A sign we in the IT industry see all the time - who hasn't walked past the server room, with all its monolithic racks humming away to themselves, and then you spot the new piece of equipment - it's soooooo shiny and new! And on it, scrawled in tech handwriting, is the little Post-it note saying "DO NOT TURN OFF UNDER PAIN OF DEATH"

Go on.

You know you want to.

It's so innocent - an untested piece of machinery, some unknown introduced in to YOUR network - you are the network administrator, aren't you? Why would someone put something in that you didn't know about? And how did they get it ON the network in the first place without downtime?

It can't POSSIBLY be a critical piece of equipment.


CLICK

Whhirrrr-rrr-...-rrr-rr-r........

*Silence.......................* (exactly one millisecond longer than the "there can't possibly be an error - someone would have called by now" safety threshold...


*Mobile phone* RING RING RING RING (incessantly and without remorse)

"Uh, IT Services..."

"What happened to the network - we have interbuilding connectivity, but why can't we access the internet... blah blah losing money blah blah 24-hour service level agreement blah blah international company blah blah customers blah bloody blah...."

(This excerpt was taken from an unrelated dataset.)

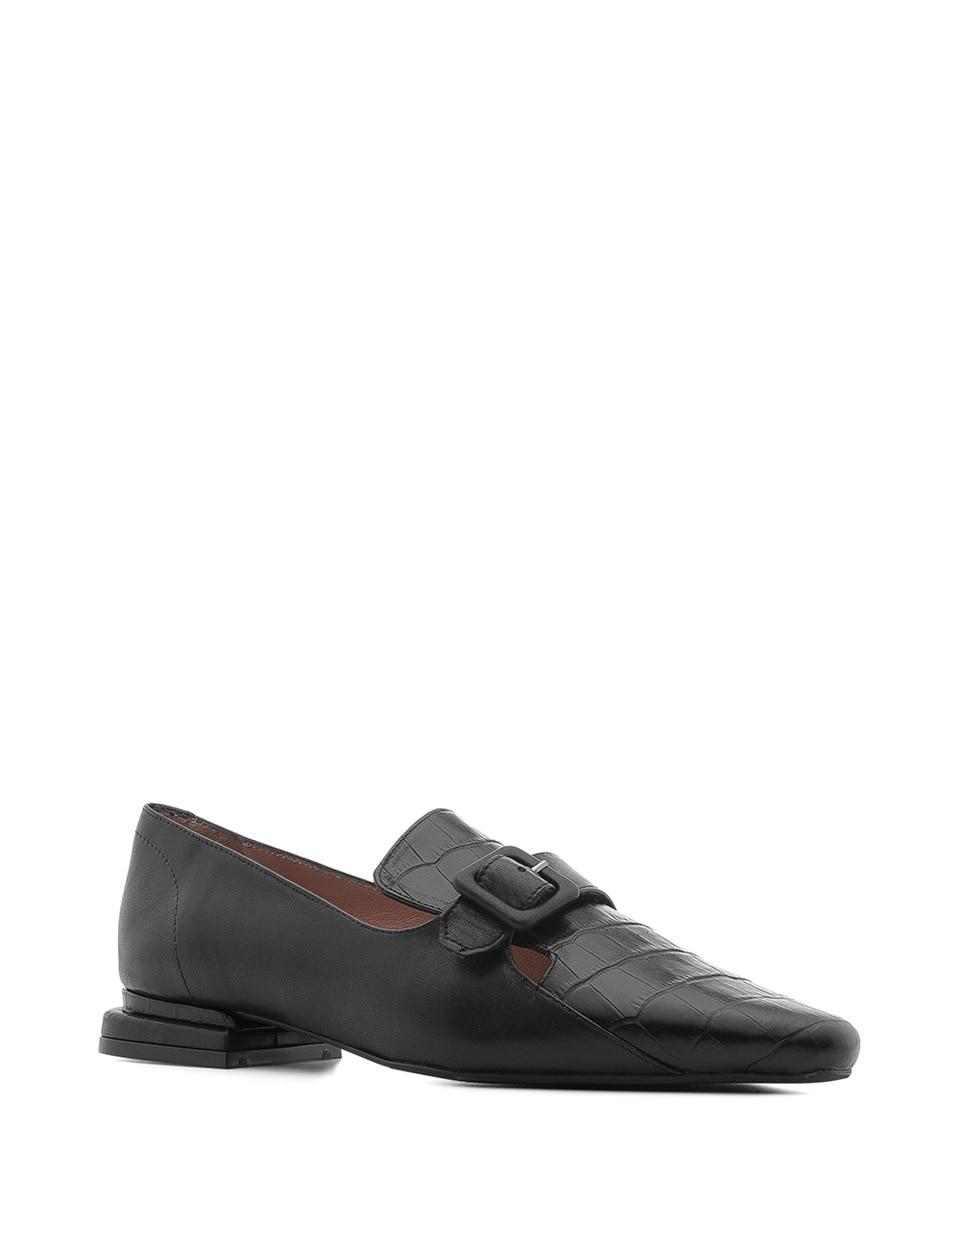 ILVi-Handmade Genuine Leather Regina Women's Moccasin Black Crocodile-Black Leather 2020 Women Shoes for Spring Summer

*Mobile phone* - *Click* (off)


"Oh. Shit. Double shit. Double shit and a half. No, wait, triple shit."
Jokes aside, this has happened too many times to be funny. Invariably at the worst possible time. As a perpetrator of the system failure, you get something akin to That Icky Feeling When A Client Calls With A Downed Server And You Have No Clue How To Fix It. Because you did it.

Personally, to fix something essential, I crack open the appropriate boxen and REMOVE the power button or connectors TO said power button. Fuck the warranty. Cisco don't care that you've tampered with it - that's what the retail chain is for - go to your dealer - uh, I mean supplier.